= Denis Brownell Murphy =

Irish painter

Denis Brownell Murphy (c. 1745–1755 – 1842) was an Irish miniature-painter.

== Life ==
Denis Brownell Murphy was a native of Dublin. He was a patriot and strong sympathiser with the cause of United Ireland in 1798, but in that year removed for professional reasons to Whitehaven in England with his wife and family. In 1802 they removed to Newcastle-on-Tyne, but in 1803 came to London, settling first at Hanwell. Murphy had considerable practice as a miniature-painter, and was in that capacity attached to the household of Princess Charlotte, being in 1810 appointed painter in ordinary to Her Royal Highness. He copied one or two of Lely's famous Beauties, then at Windsor Castle (afterwards at Hampton Court), and by command of the Princess completed a series of miniature copies of these, adding some from pictures not at Windsor. Murphy had apartments assigned him at Windsor during the progress of this work, which was from time to time inspected and approved by the royal family. The set was not completed at the time of the Princess's death, which put an end to the work and to Murphy's connection with the court. The paintings were sent in to Prince Leopold, with a claim for payment, but to the painter's great disappointment were declined and returned. The set were, however, purchased by a friend, Sir Gerard Noel, and it was suggested that use should be made of them by having them engraved as a series, with illustrative text from the pen of Murphy's daughter, Mrs. Anna Brownell Jameson. This work was successfully completed and published in 1833 under the title of The Beauties of the Court of King Charles the Second. Murphy occasionally exhibited miniatures in enamel or on ivory at the Royal Academy from 1800 to 1827, but his work did not attain any great distinction. The latter part of his life was very closely connected with that of his more famous daughter, Mrs. Jameson.

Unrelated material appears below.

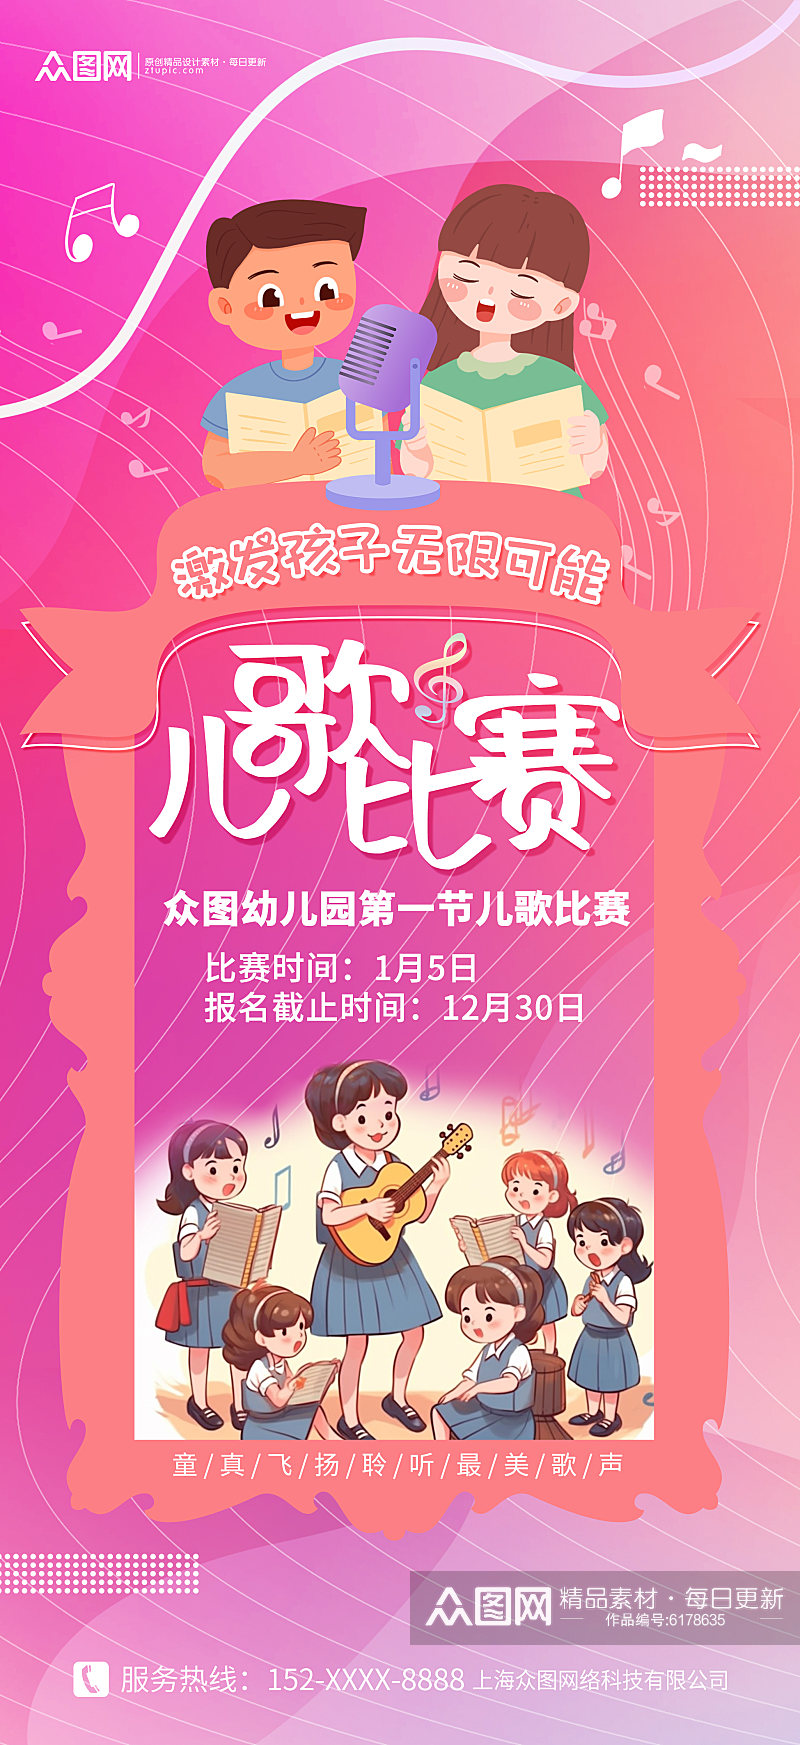 粉色可爱卡通儿童歌唱比赛活动海报素材
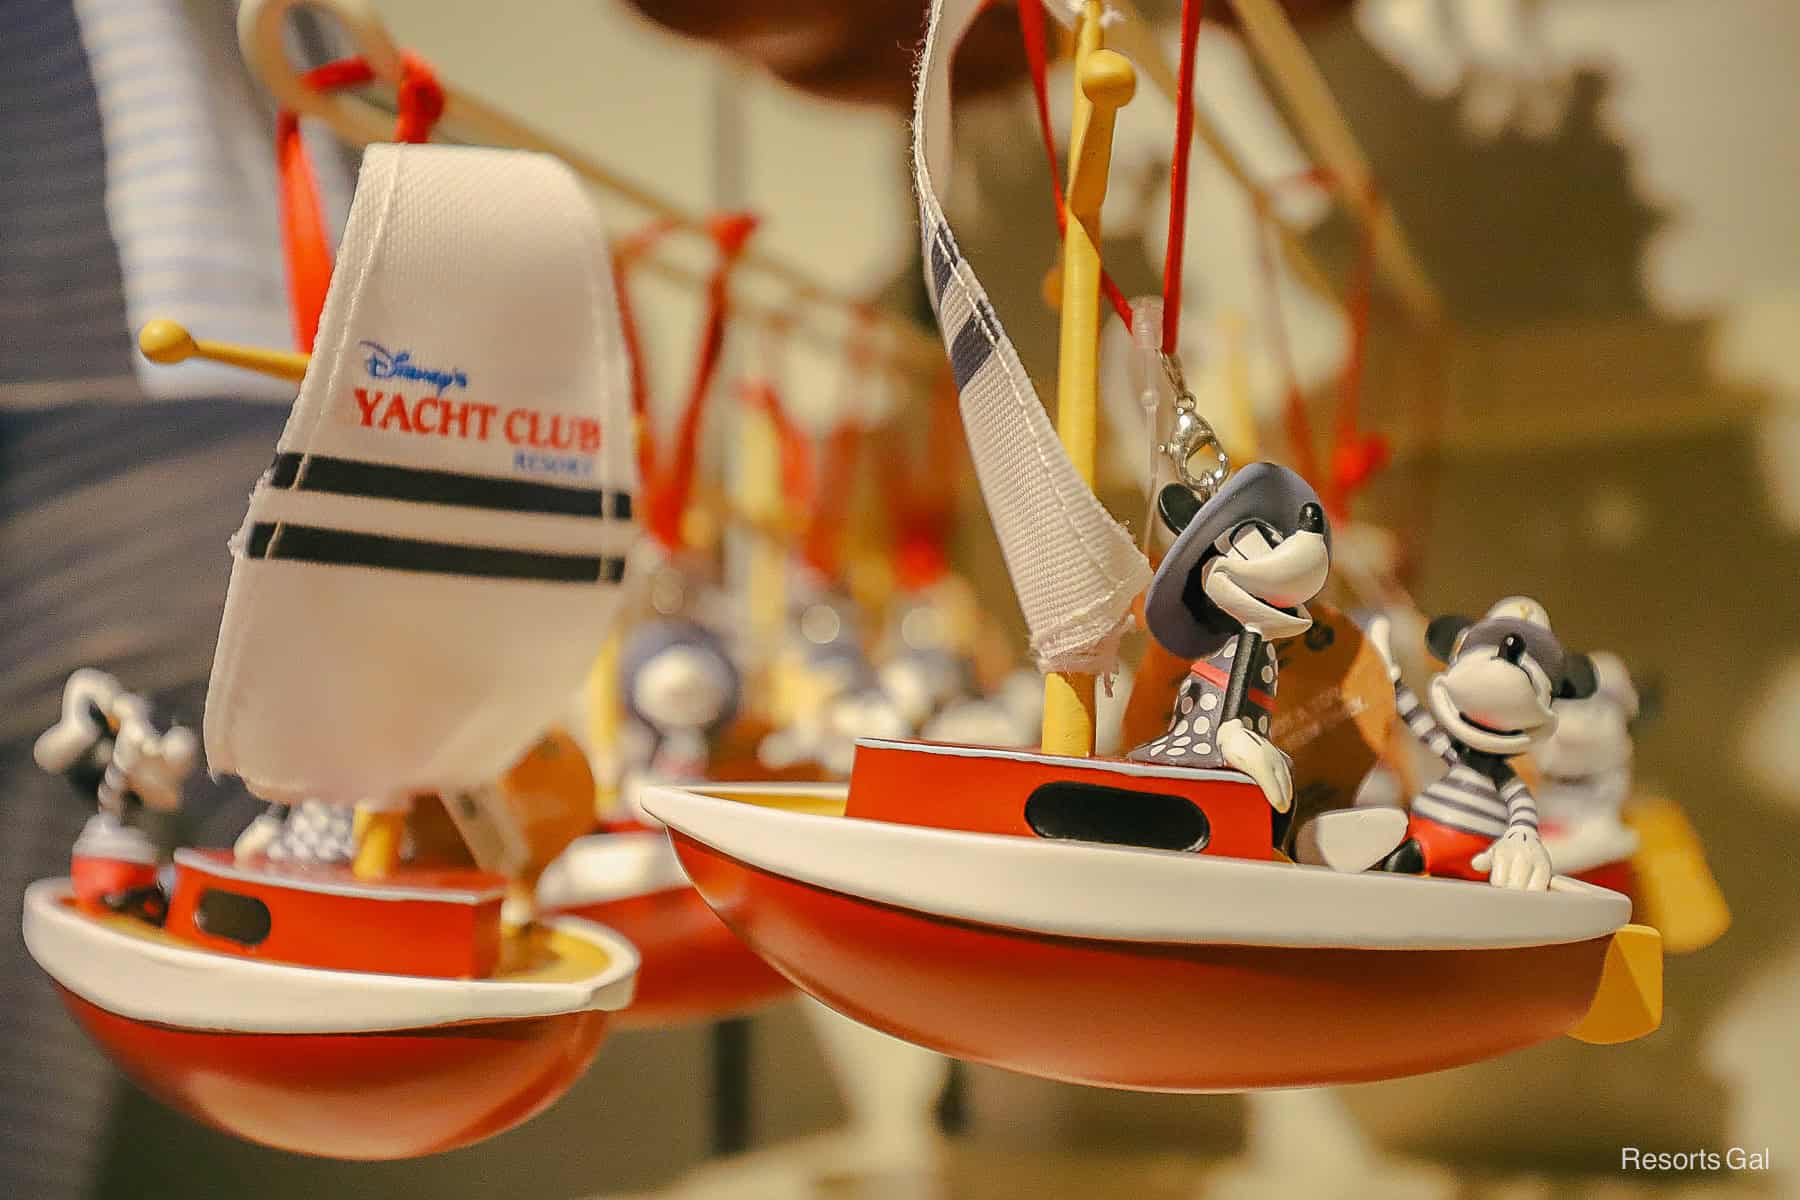 Disney Yacht Club sailboat ornament

Murphy died in March 1842, leaving by his wife, who survived him, five daughters, of whom the eldest, Anna Brownell, married Robert Jameson, and was the well-known writer on art. Of the others, Camilla became Mrs. Sherwin, and died on 28 May 1886, at Brighton, aged 87, and Louisa became Mrs. Bate, while Eliza and Charlotte Alicia died unmarried, the former at Brighton on 31 March 1874 in her seventy-ninth year, the latter at Ealing on 13 June 1876, aged 71.

== Bibliography ==
- Caffrey, Paul (2009). "Murphy, Denis Brownell". In Dictionary of Irish Biography. Cambridge University Press, Royal Irish Academy. n.p.
- Cust, Lionel Henry
- Strickland, Walter G. (1968). "Murphy, Denis Brownell". In A Dictionary of Irish Artists. Vol. 2. New York, NY: Hacker Art Books. pp. 157–159.